** EXERCISE PROMPT **
Restate the listing below word for word; no picture is to be carried over.

** DATA **
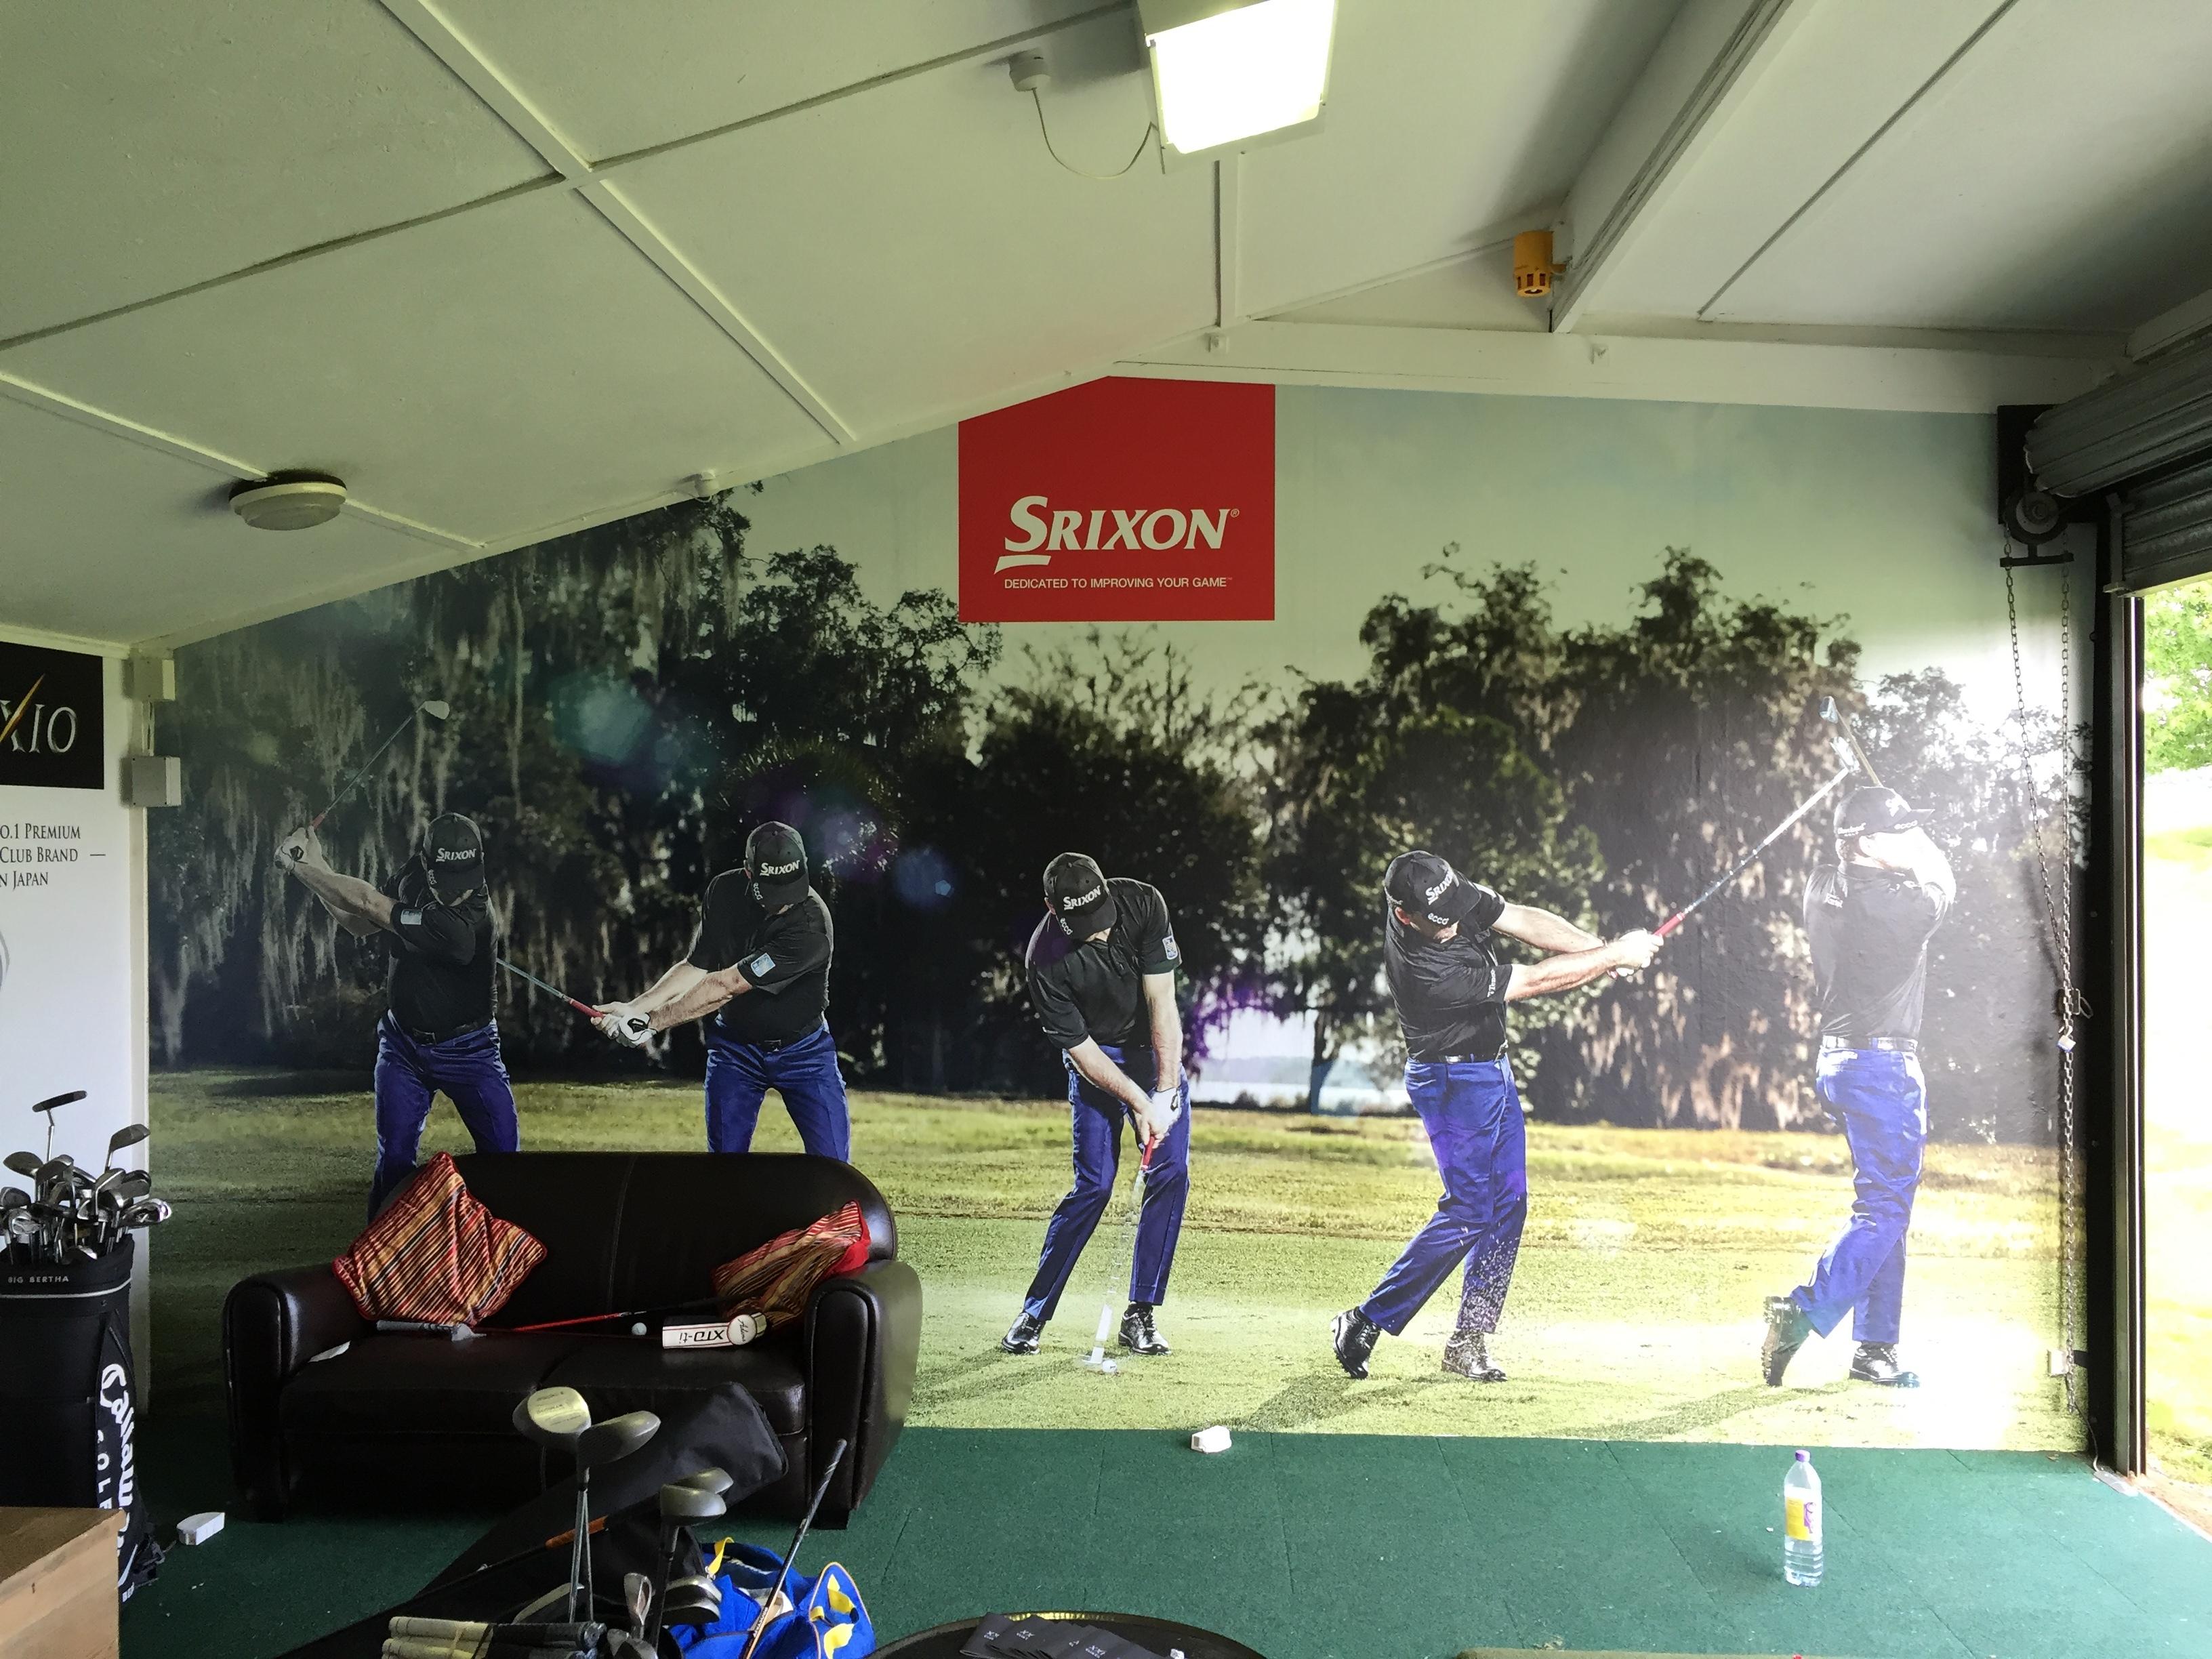 Self adhesive wall wrap srixon fitting room b2b graphics for Room wraps
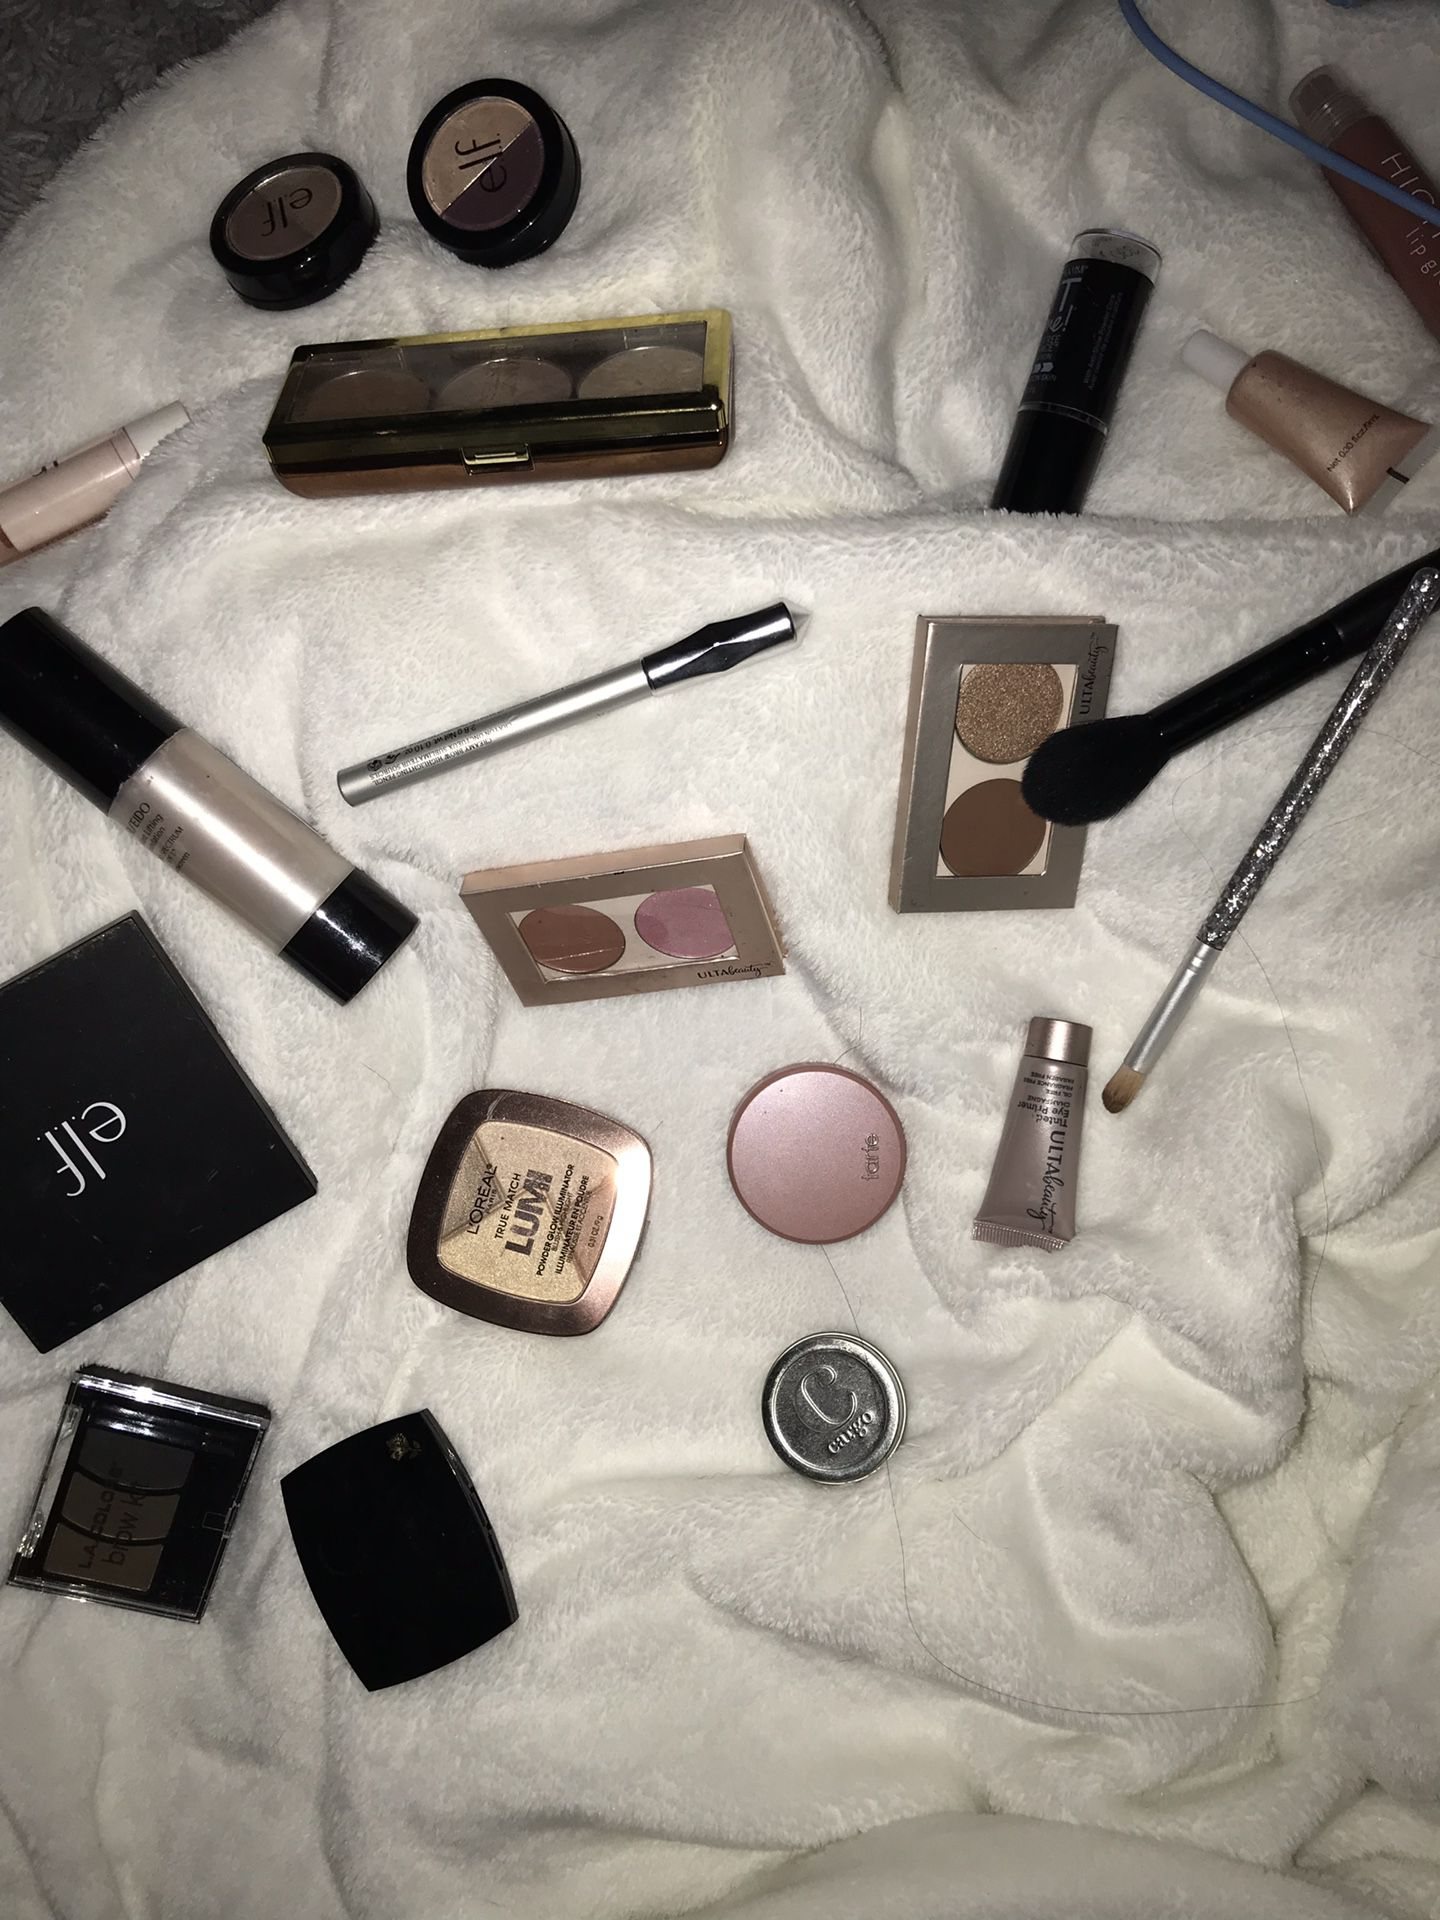 Lots of random makeup products
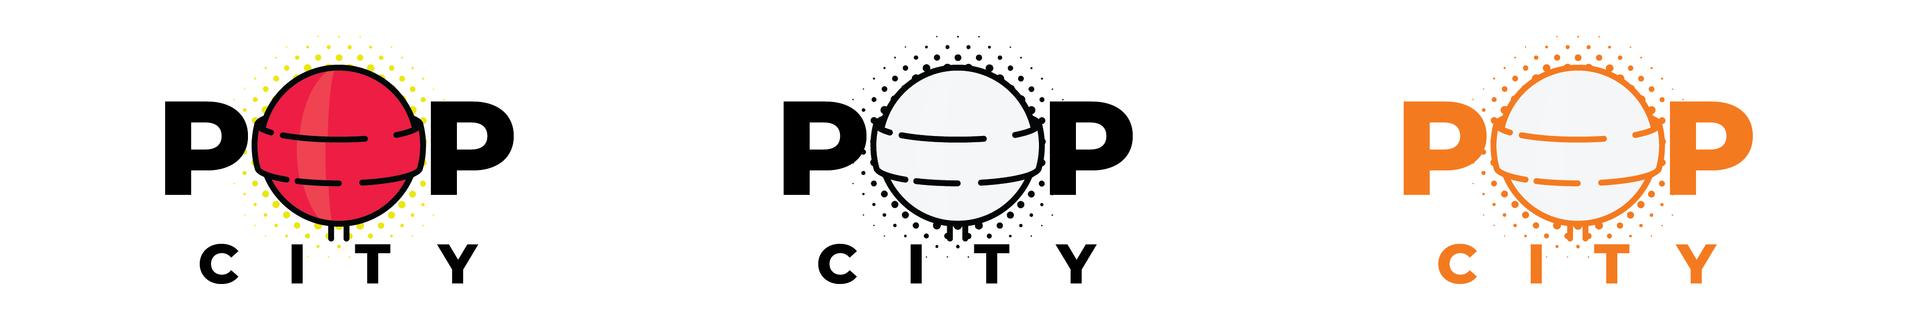 popcityartboard-28-2x_orig.png

** WRITTEN RESPONSE **
 Self adhesive wall wrap srixon fitting room b2b graphics for Room wraps
 Lots of random makeup products
 popcityartboard-28-2x_orig.png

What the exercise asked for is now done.